■ PROBLEM DESCRIPTION
Set down the data again word for word. Skip any pictures.

■ INFORMATION SHOWN
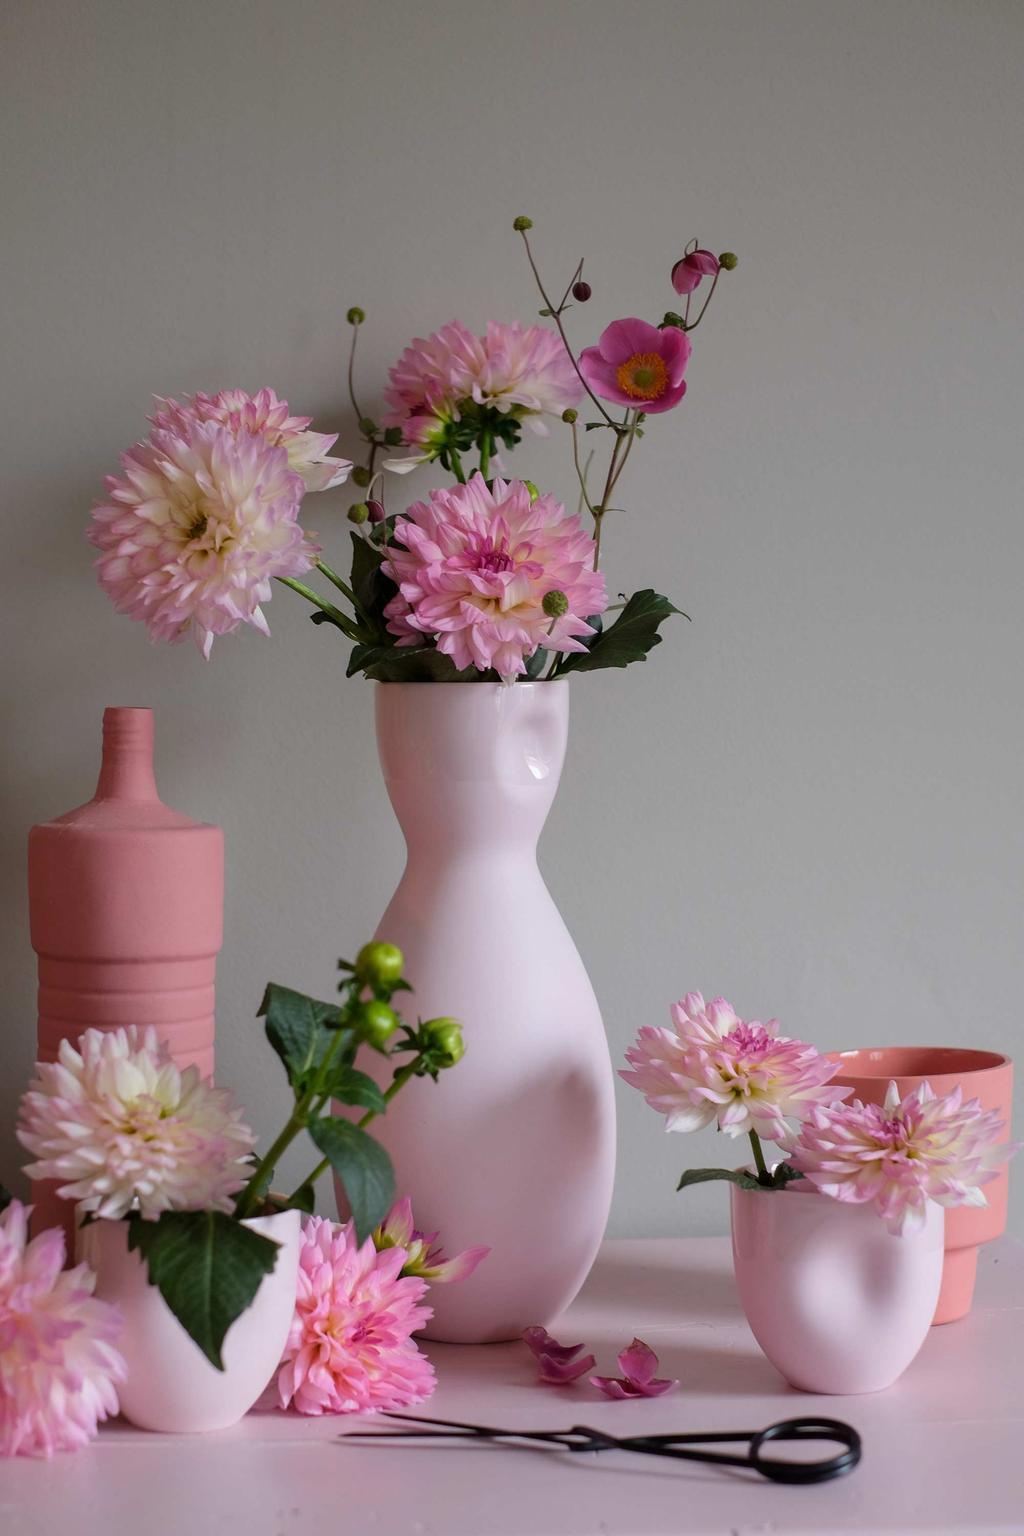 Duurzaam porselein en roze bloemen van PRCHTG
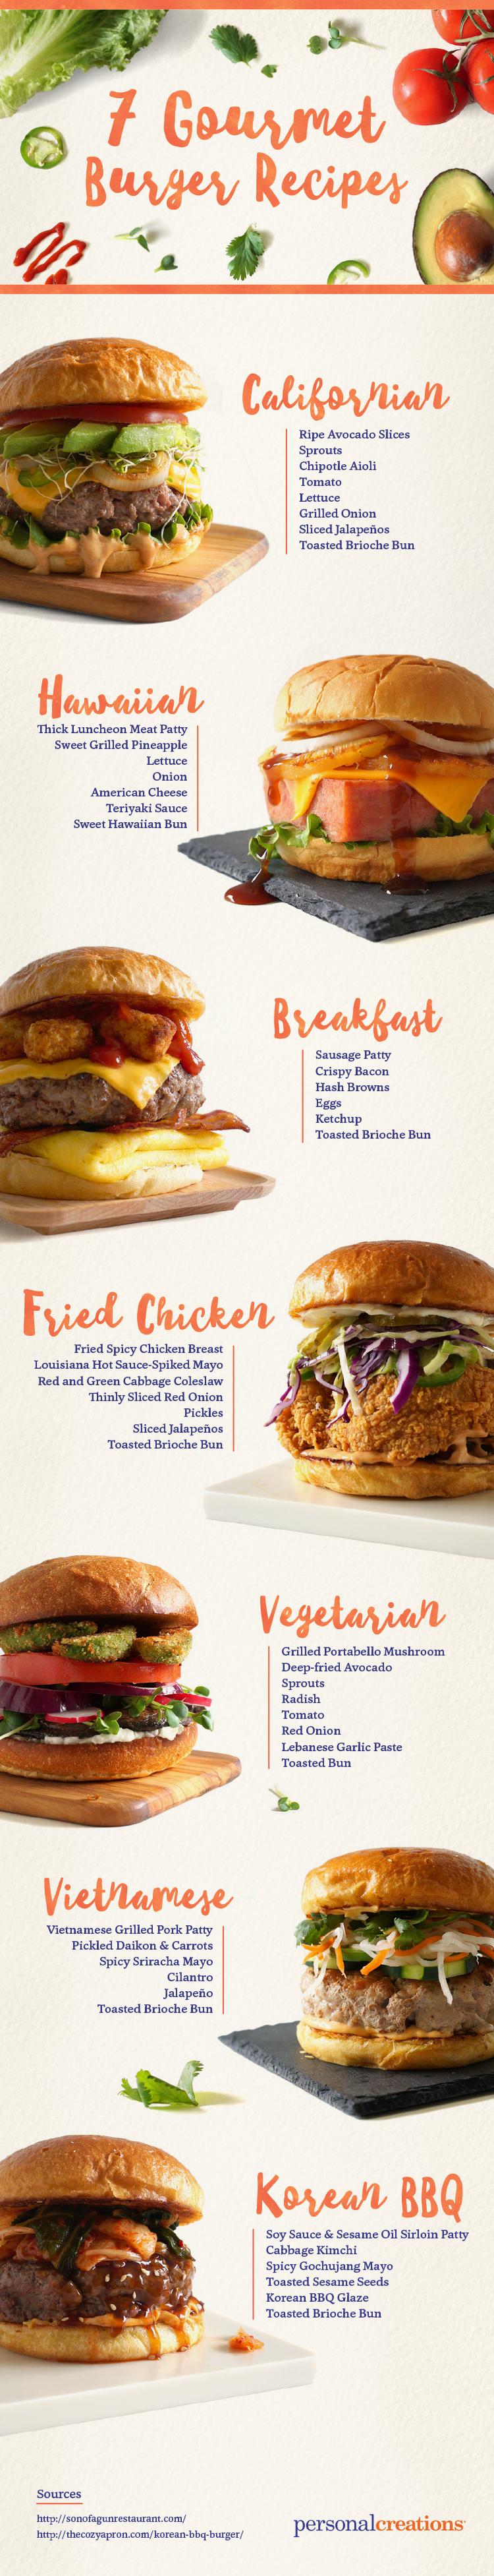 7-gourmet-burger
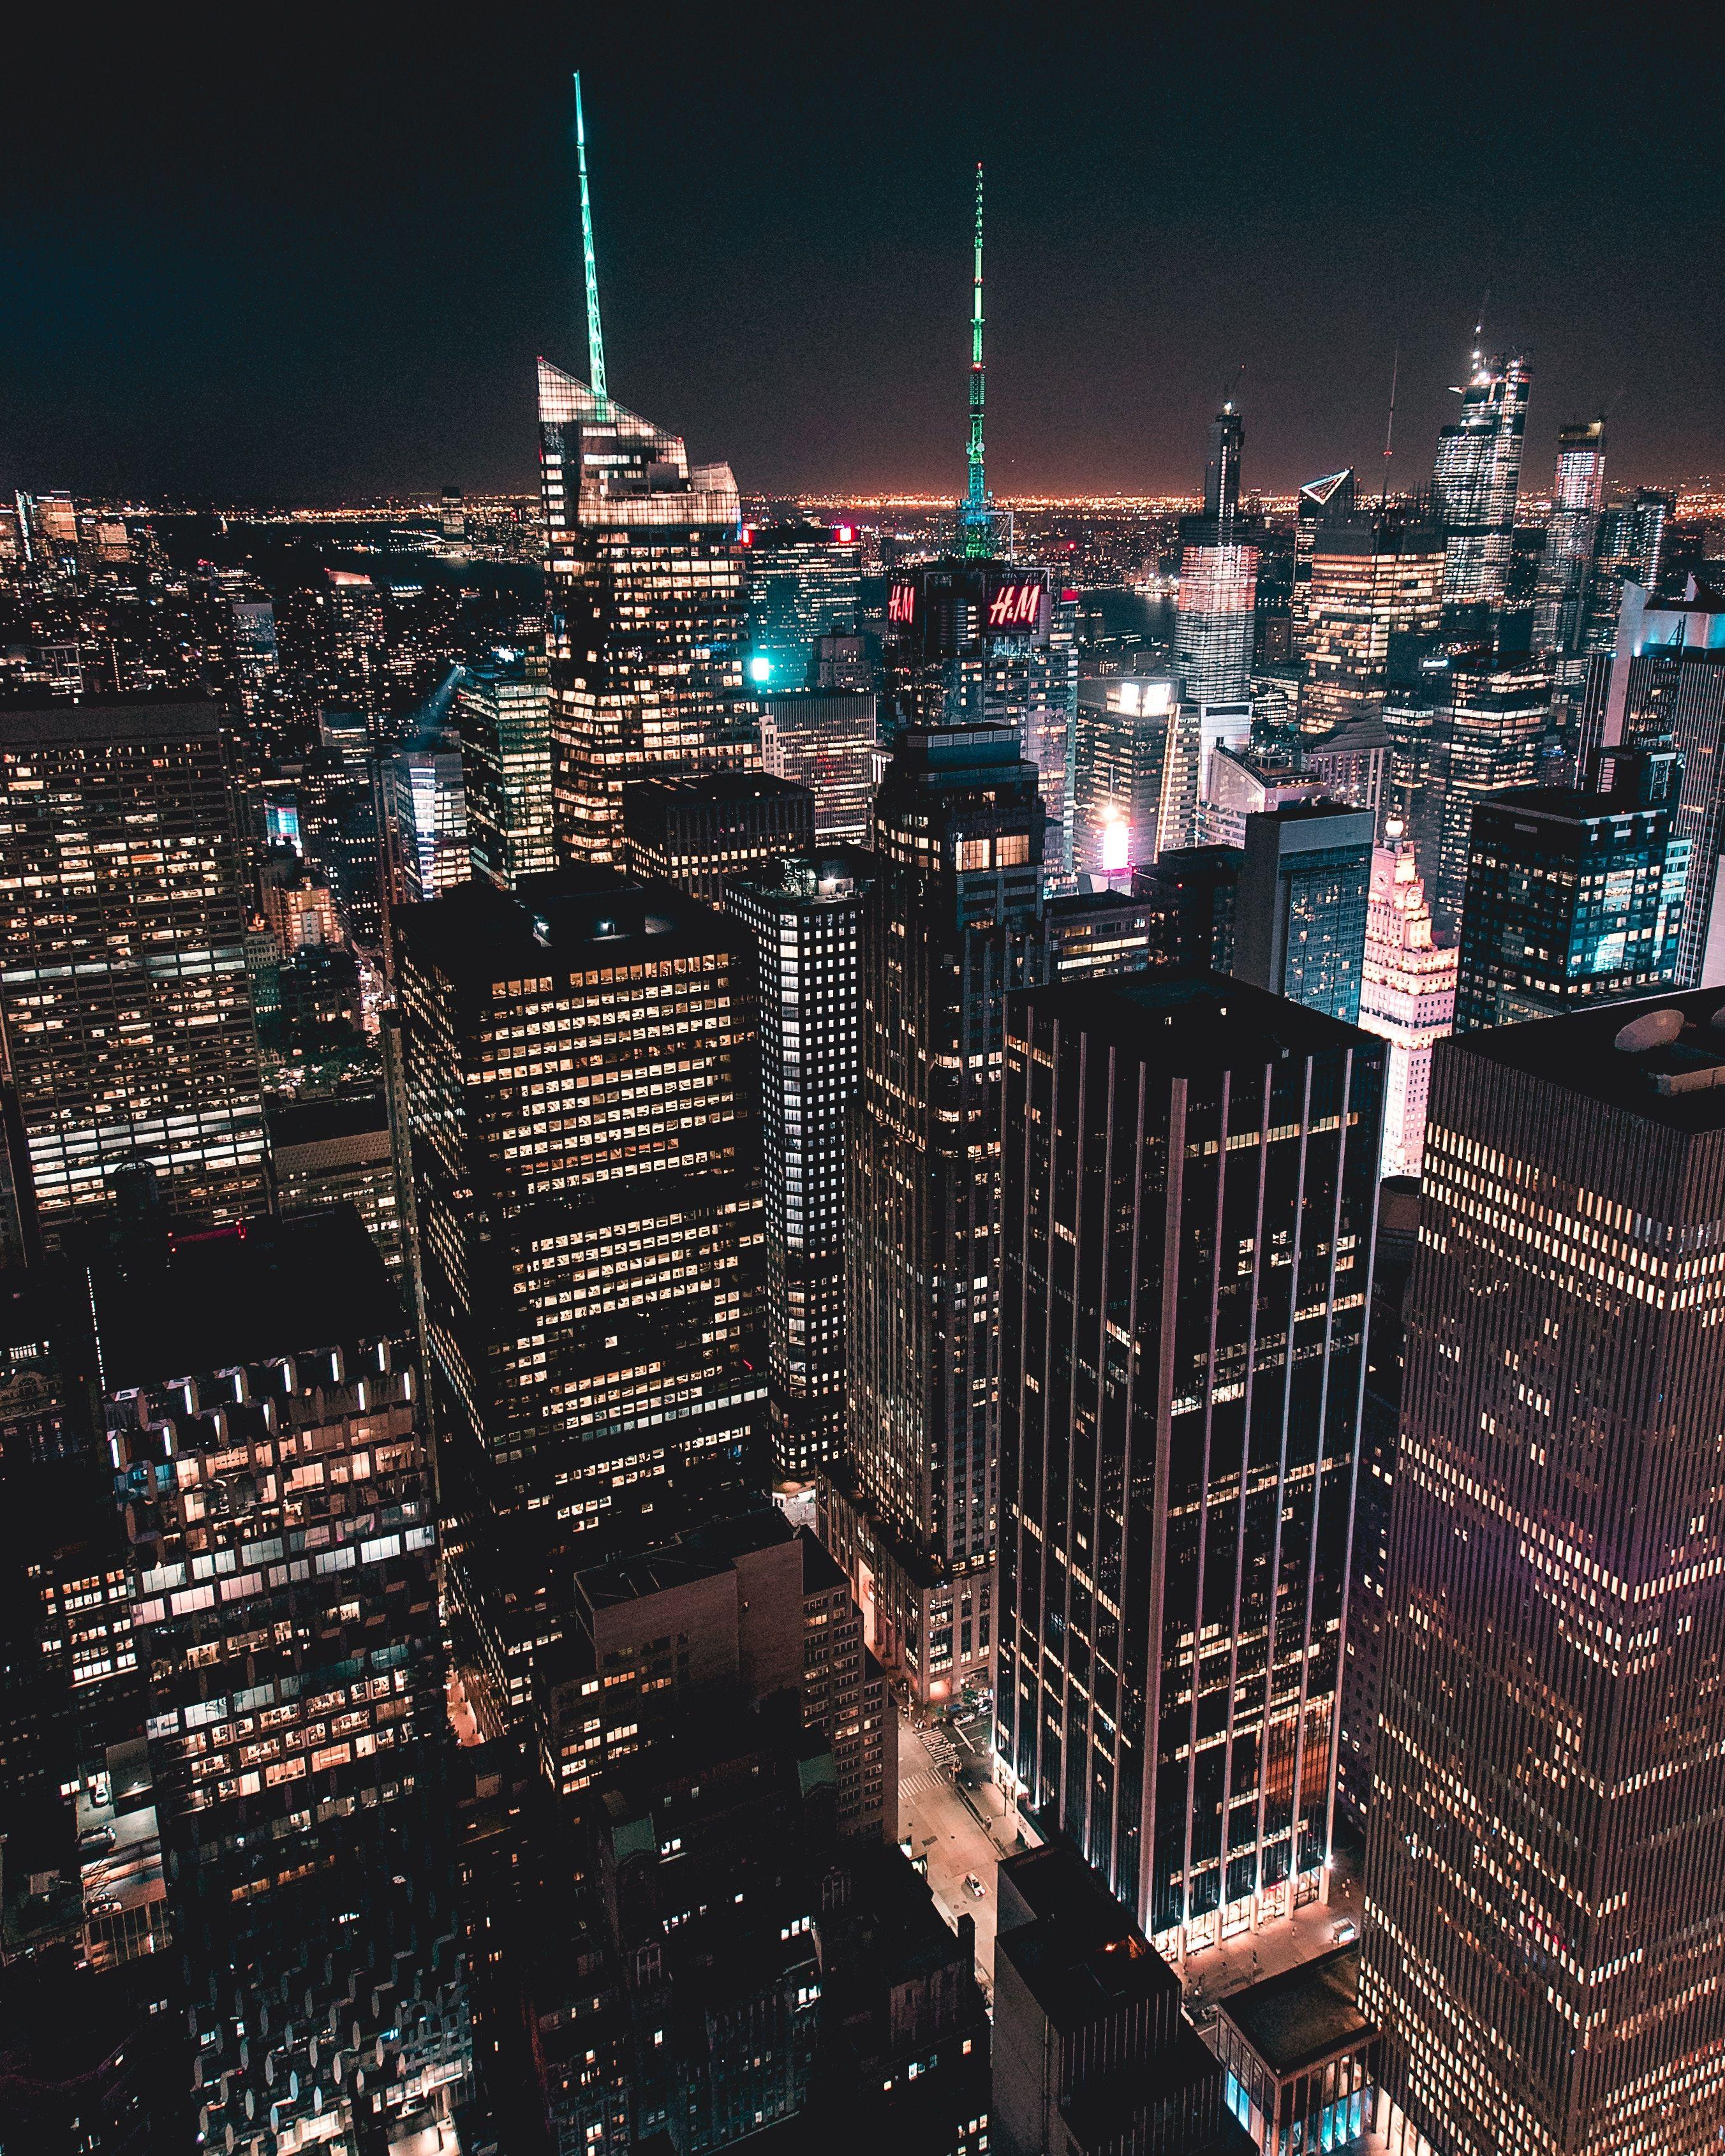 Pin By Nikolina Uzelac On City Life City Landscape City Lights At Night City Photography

■ SOLUTION FOR THIS PROBLEM
 Duurzaam porselein en roze bloemen van PRCHTG
 7-gourmet-burger
 Pin By Nikolina Uzelac On City Life City Landscape City Lights At Night City Photography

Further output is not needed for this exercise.